RALEIGH — Wake County voters overwhelmingly approved $200 million in bonds to expand Wake Technical Community College.
According to unofficial results, 73 percent of county voters said “yes” to the borrowing.
“I am ecstatic,” said Wake Tech President Stephen Scott. “We are so grateful to Wake County.”
Once construction is complete, Scott said, the college will be able to accommodate 50 percent enrollment growth.
The $200 million would be used to add buildings at the community college’s bustling Northern Wake campus and start construction on a new Research Triangle Park branch in Morrisville. The main campus south of Raleigh would get repairs, and the Public Safety Education campus would be finished.
County officials have said the bond issue would not require a tax increase, but it would absorb the county’s borrowing capacity, meaning a future bond issue for K-12 schools almost certainly would lead to a tax increase.
Voters have supported two bond issues for Wake Tech in the past decade – $40 million in 2004 and $92 million in 2007.
The community college, like Wake County itself, has experienced steep growth in recent years. The recession and slow recovery have nudged unemployed workers back to class to upgrade their skills, and students seeking an affordable path to a college degree have flocked to Wake Tech. For the first time this fall, degree-seeking students surpassed the 20,000 mark, and some 5,400 were on the waiting list for classes. Wake Tech officials say the college serves one of eight adults in the county; 66,000 took at least one course there.
The money would be spent during a four-year period starting in 2013. About 500,000 square feet of new building space would be constructed, as well as 4,500 additional parking spots.
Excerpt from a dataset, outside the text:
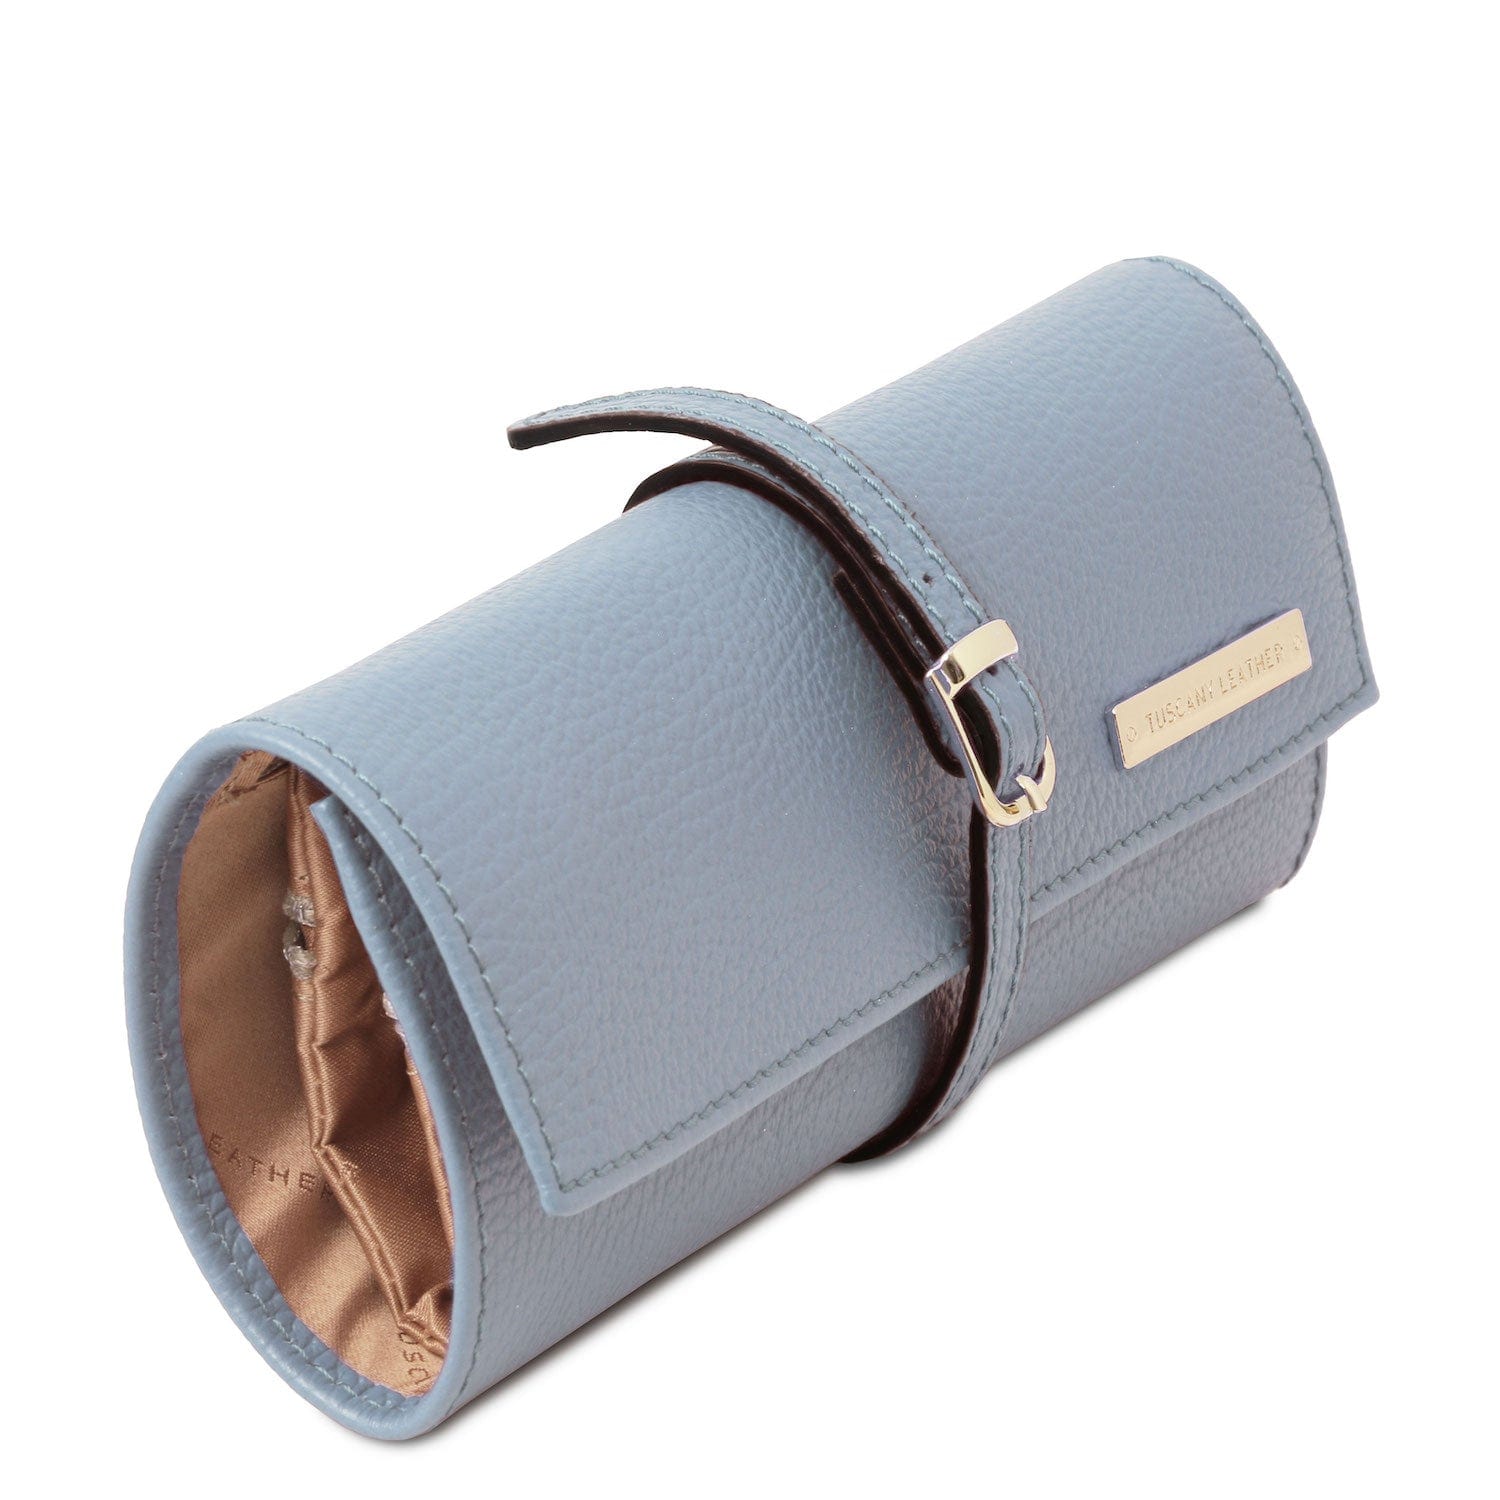 Soft leather jewellery case | TL142193 - Premium Leather accessories for women - Shop now at San Rocco Italia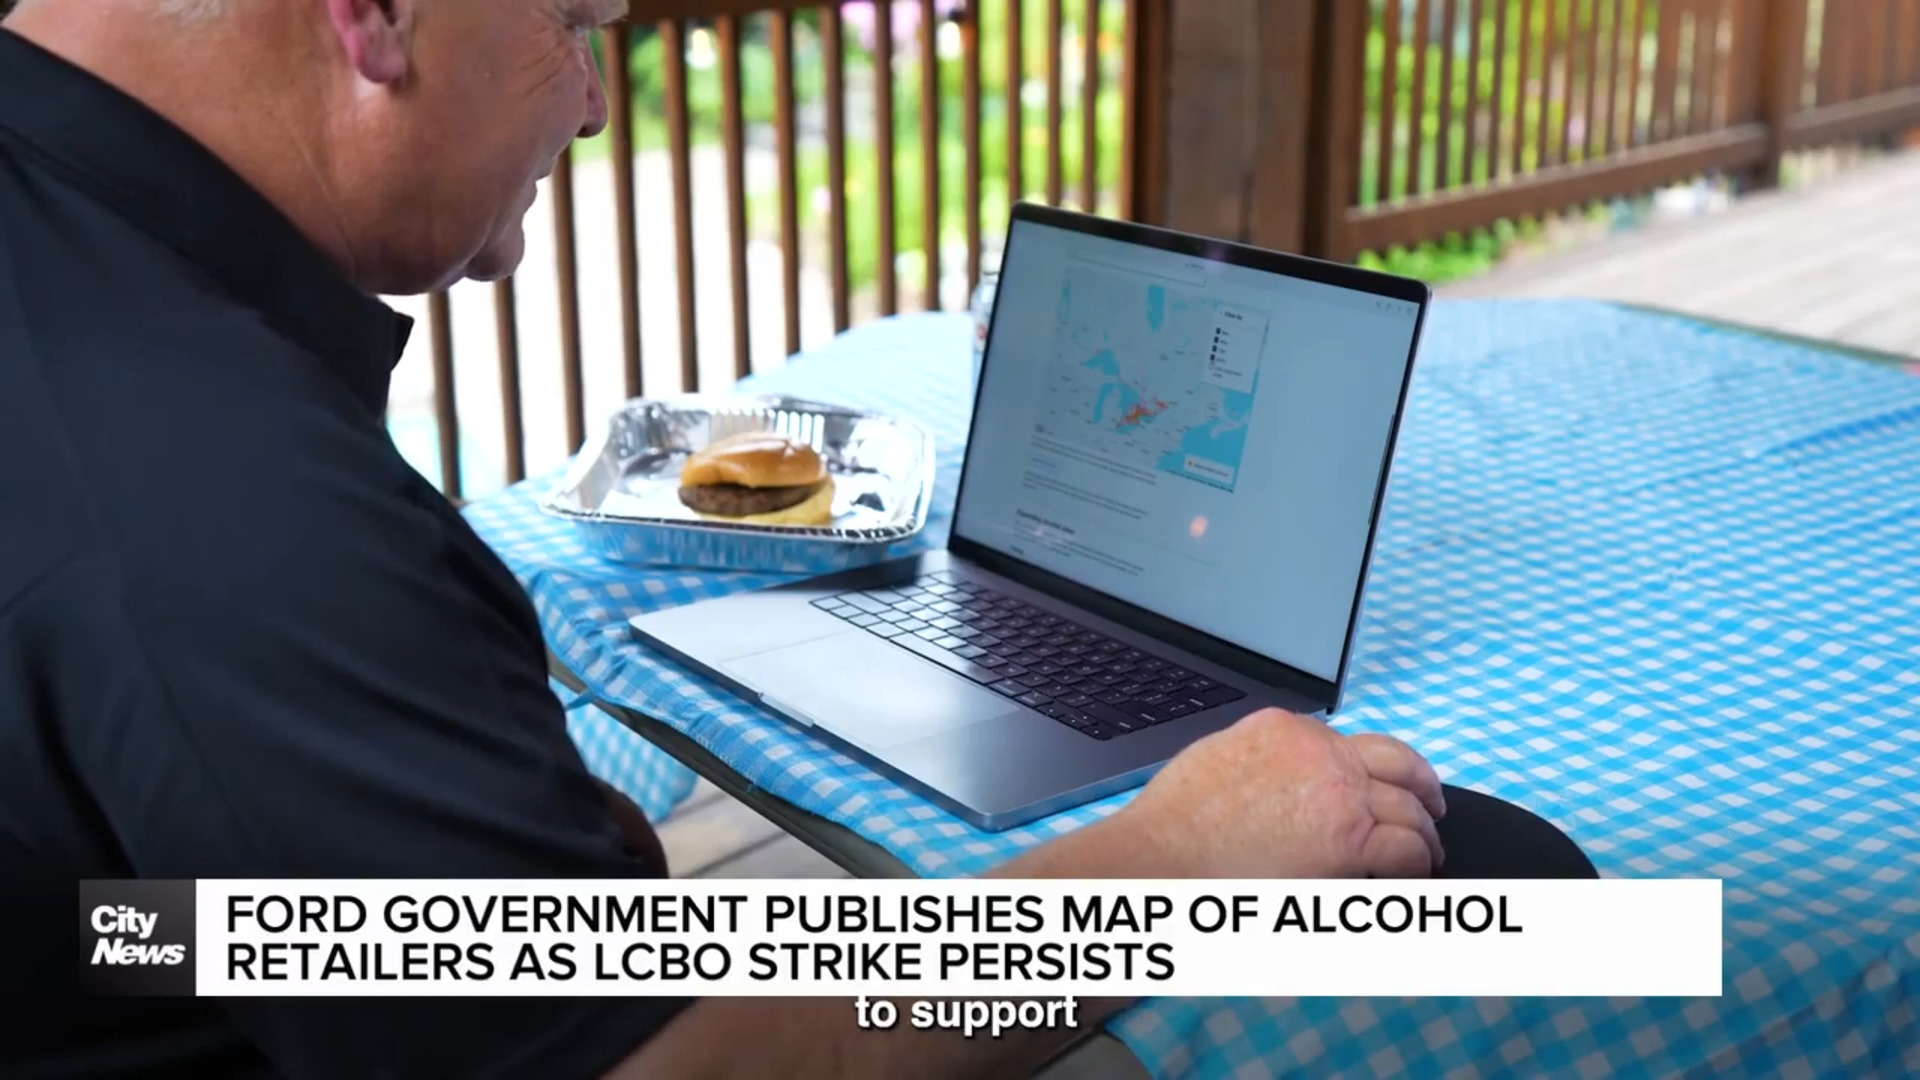 Ford government published map of alcohol retailers as LCBO strike persists

A new Research Triangle Park campus would take shape with three buildings, a parking lot, roads and other infrastructure.
The Wake Tech bonds had no organized opposition.
The Wake County Taxpayers Association, a government watchdog group, supported the bond issue, despite concerns about the size of the borrowing and the fact that future Wake school bonds would require a tax hike.
The association’s board had issued a statement saying it supported Wake Tech “for the opportunity it provides for excellent job training for an ever increasing large number of students and we acknowledge the need for new space to handle future enrollment numbers.”